Task prompt: From the line below that contains "Camouflage ammunition belt" to the line that contains "TURQUIE - Timbres", repeat every line exactly, both ends included, and nothing else.

Dataset excerpts:
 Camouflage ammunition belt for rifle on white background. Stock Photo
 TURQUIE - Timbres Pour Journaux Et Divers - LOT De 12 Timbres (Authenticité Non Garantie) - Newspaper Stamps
--
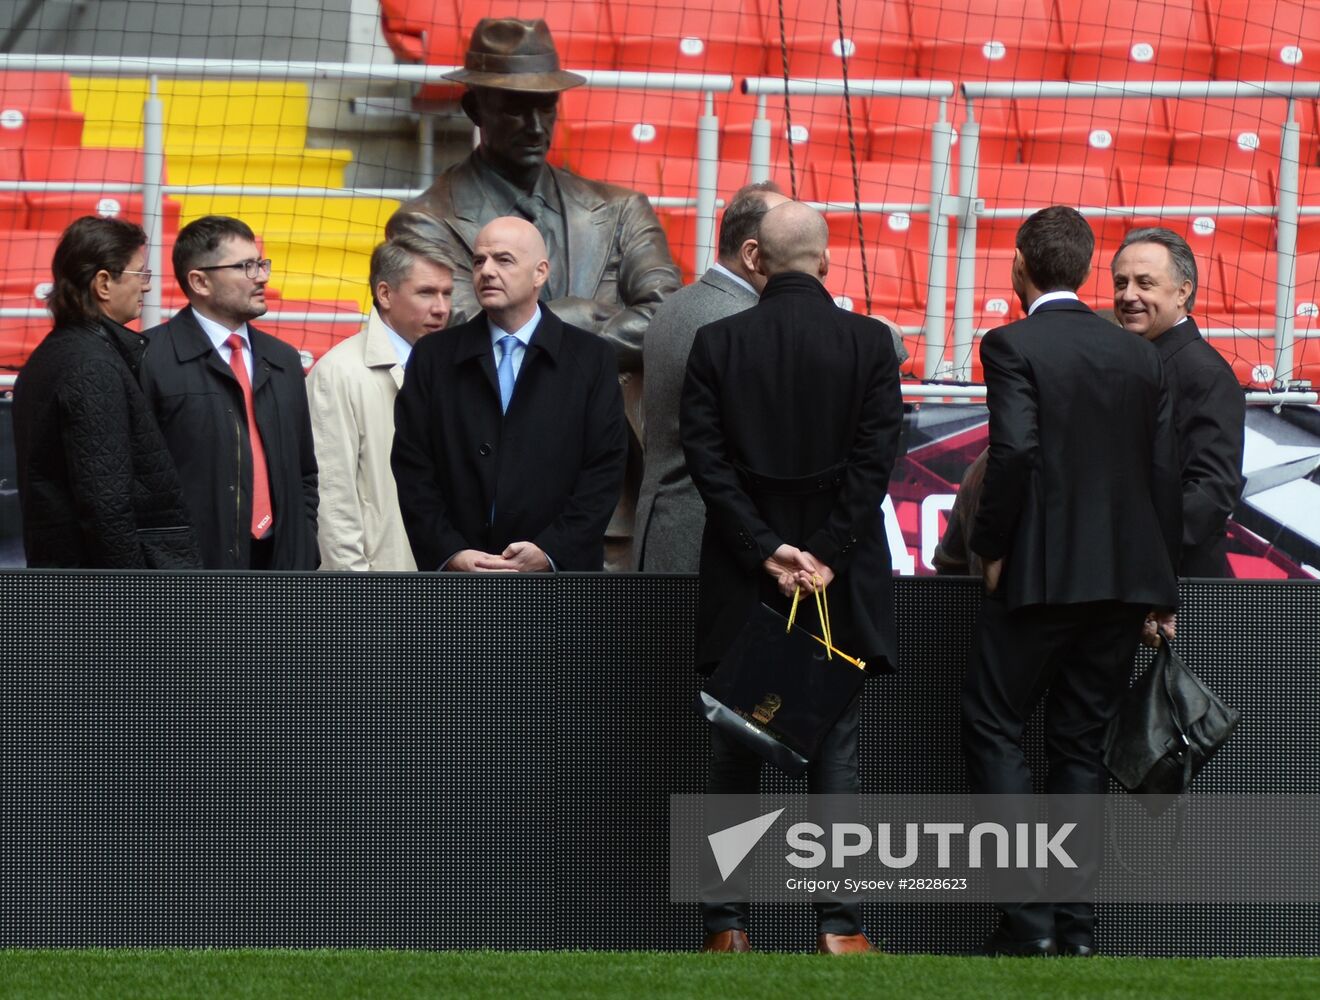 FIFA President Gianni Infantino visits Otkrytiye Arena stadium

Solution to the problem:
 Camouflage ammunition belt for rifle on white background. Stock Photo
 TURQUIE - Timbres Pour Journaux Et Divers - LOT De 12 Timbres (Authenticité Non Garantie) - Newspaper Stamps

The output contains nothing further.